4 problems with Biden’s plan to cancel student debt

If you paid off a student loan recently, maybe you should have waited—since incoming President Joe Biden may cancel billions of dollars in outstanding student debt.

After the coronavirus outbreak last April, Biden, then the apparent Democratic presidential nominee, announced a new plan to cancel at least $10,000 in student debt for borrowers below a certain income threshold. That was a nod to liberal Democrats such as Bernie Sanders and Elizabeth Warren, who favor more generous student debt forgiveness. Now that Biden has won the White House, education groups and consumer advocates are pressing Biden to honor his promise and up the ante, by canceling up to $50,000 in student debt soon after he becomes president next year.

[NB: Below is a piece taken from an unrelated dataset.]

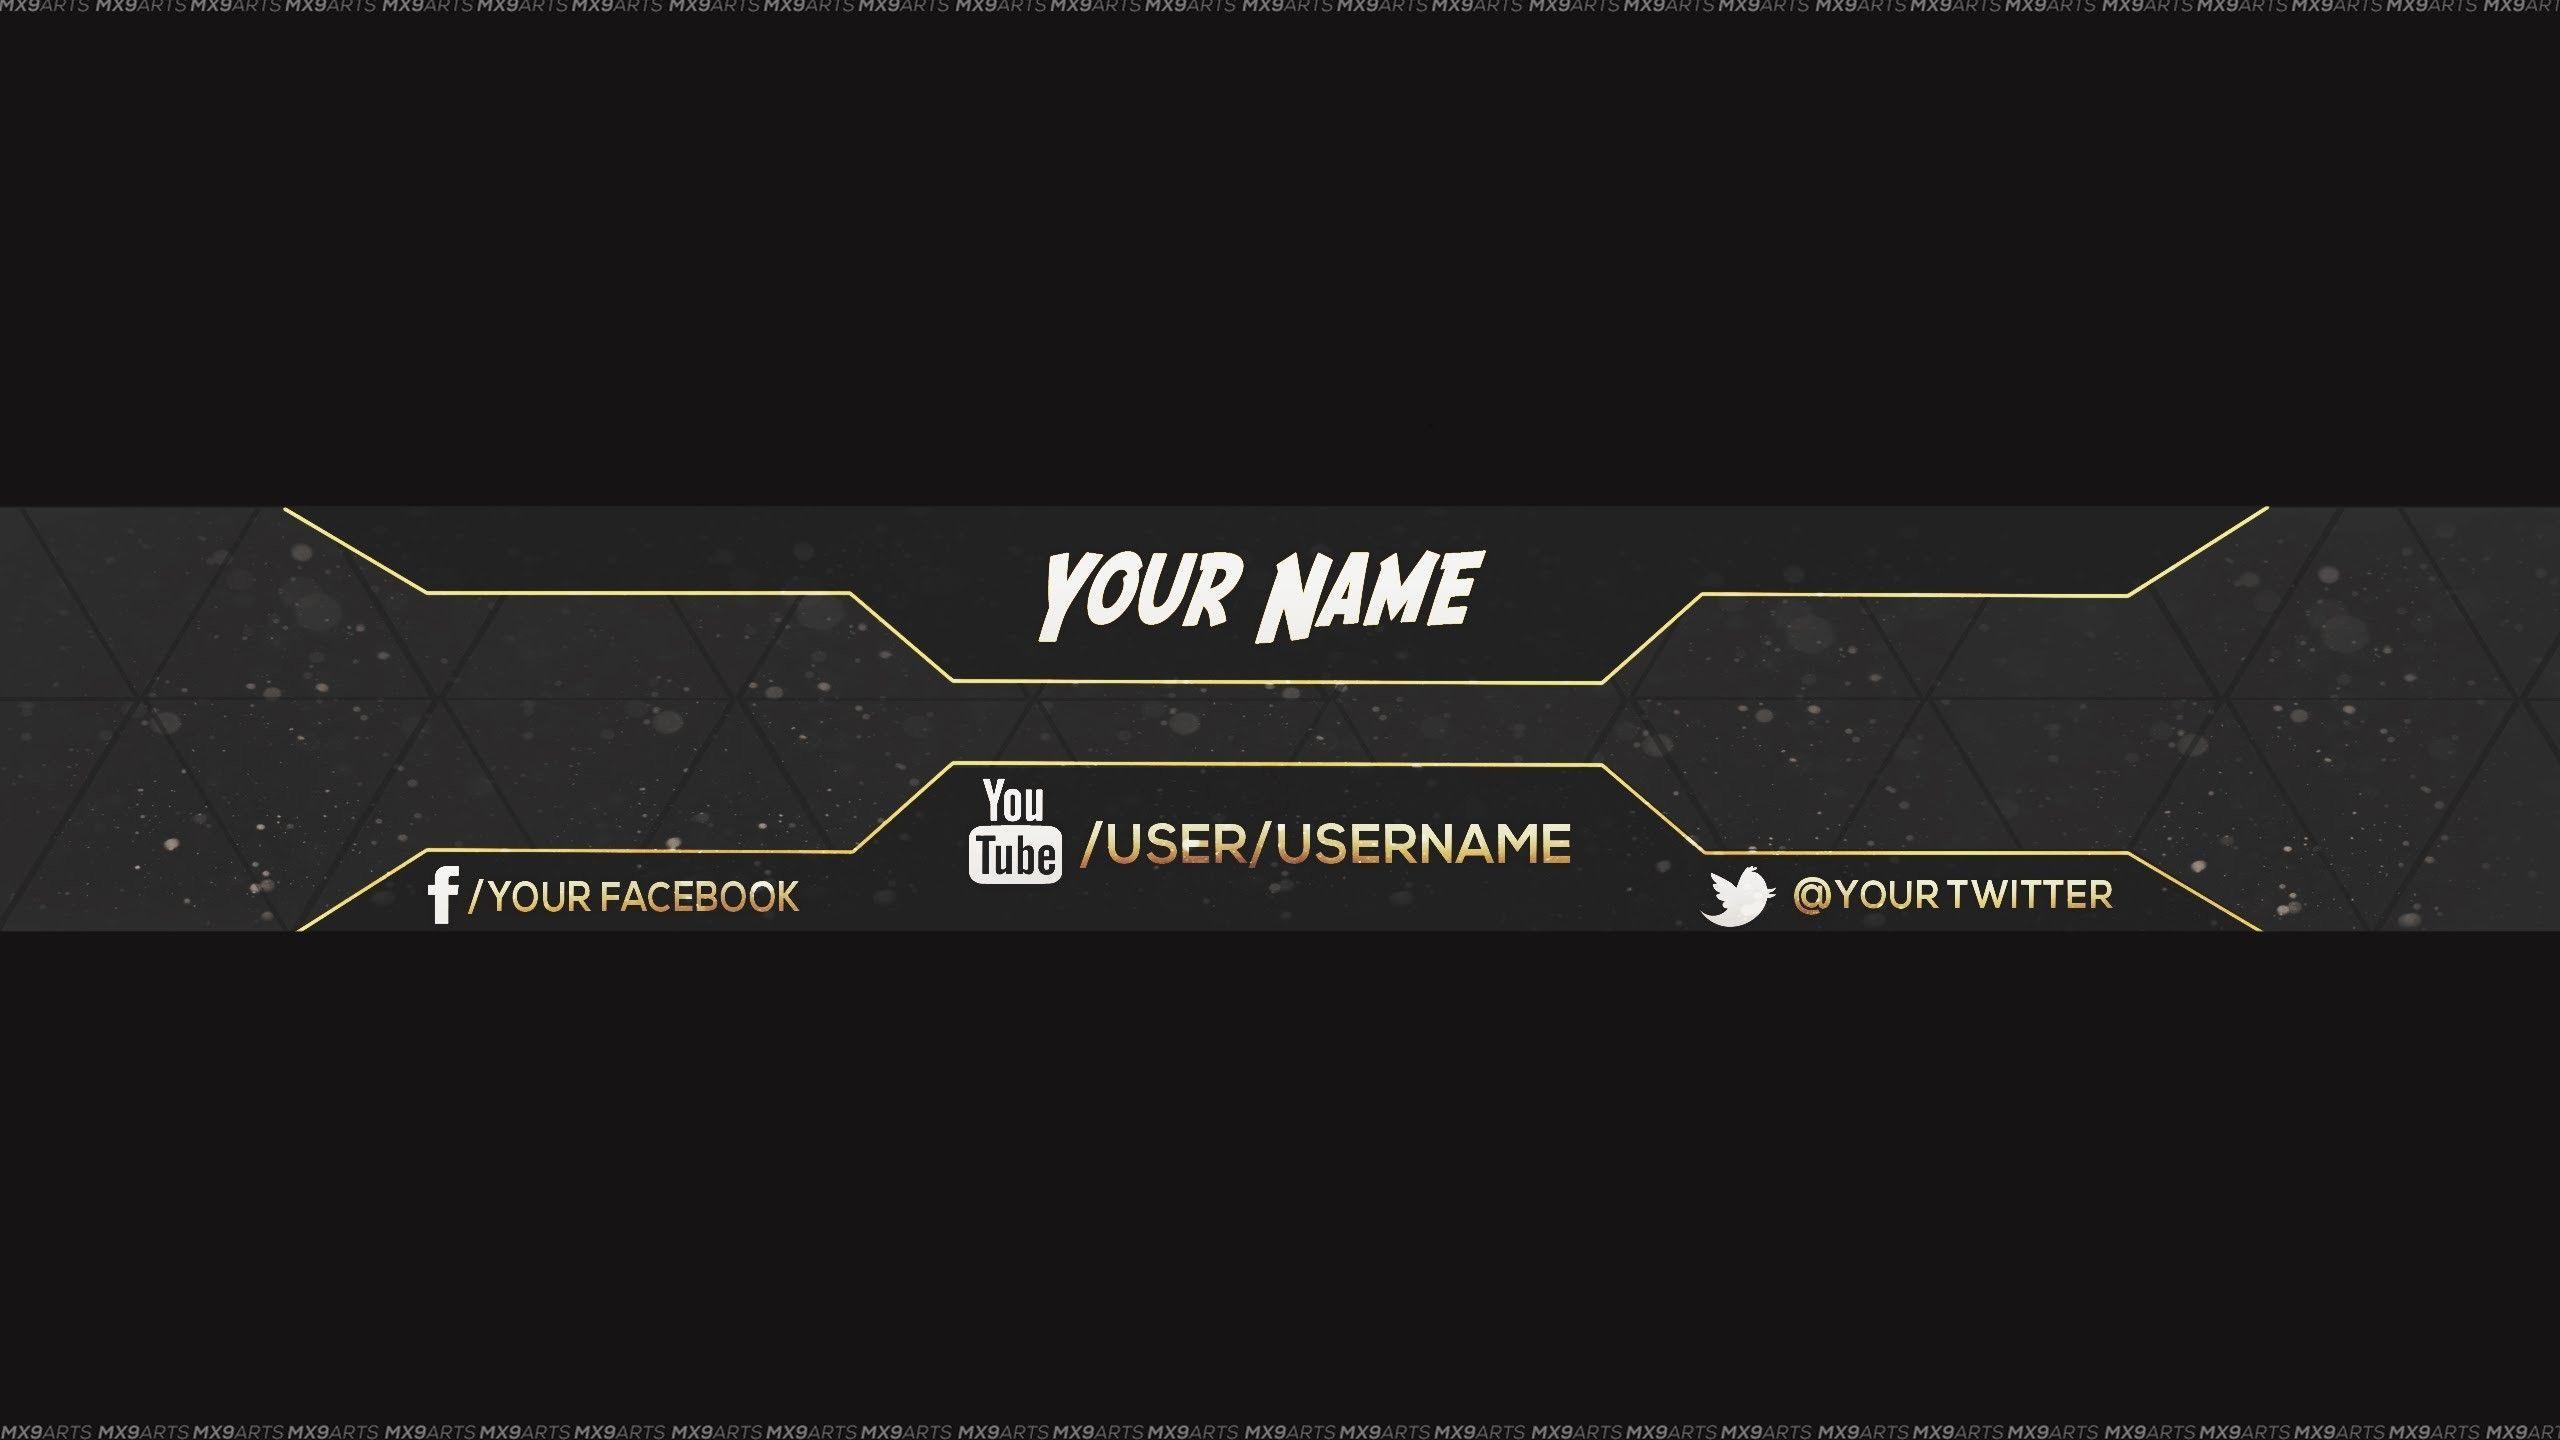 Res 2560x1440 Reupload Free Amazing Youtube Channel Banner Template 5 Dir 2560x1440 Ama En 2020 Portada De Youtube Cabeceras Para Youtube Fotos Para Youtube

About 45 million Americans hold a student loan, with student debt in the United States totaling $1.5 trillion. The average loan per student is more than $30,000. Some of those loans are private deals between borrowers and banks, which the government can’t easily change. But nearly 90% of all debt is federally authorized, and some legal experts think the president can cancel those loans by executive order, with no legislation required.

The rationale for canceling student debt is to help struggling borrowers who can’t get ahead because their debt burdens are too high—especially those who took out loans but never finished college and don’t have the degree that’s supposed to help them earn more money. Some advocates favor income caps that would exclude borrowers from wealthier families and target the aid to those who need it most.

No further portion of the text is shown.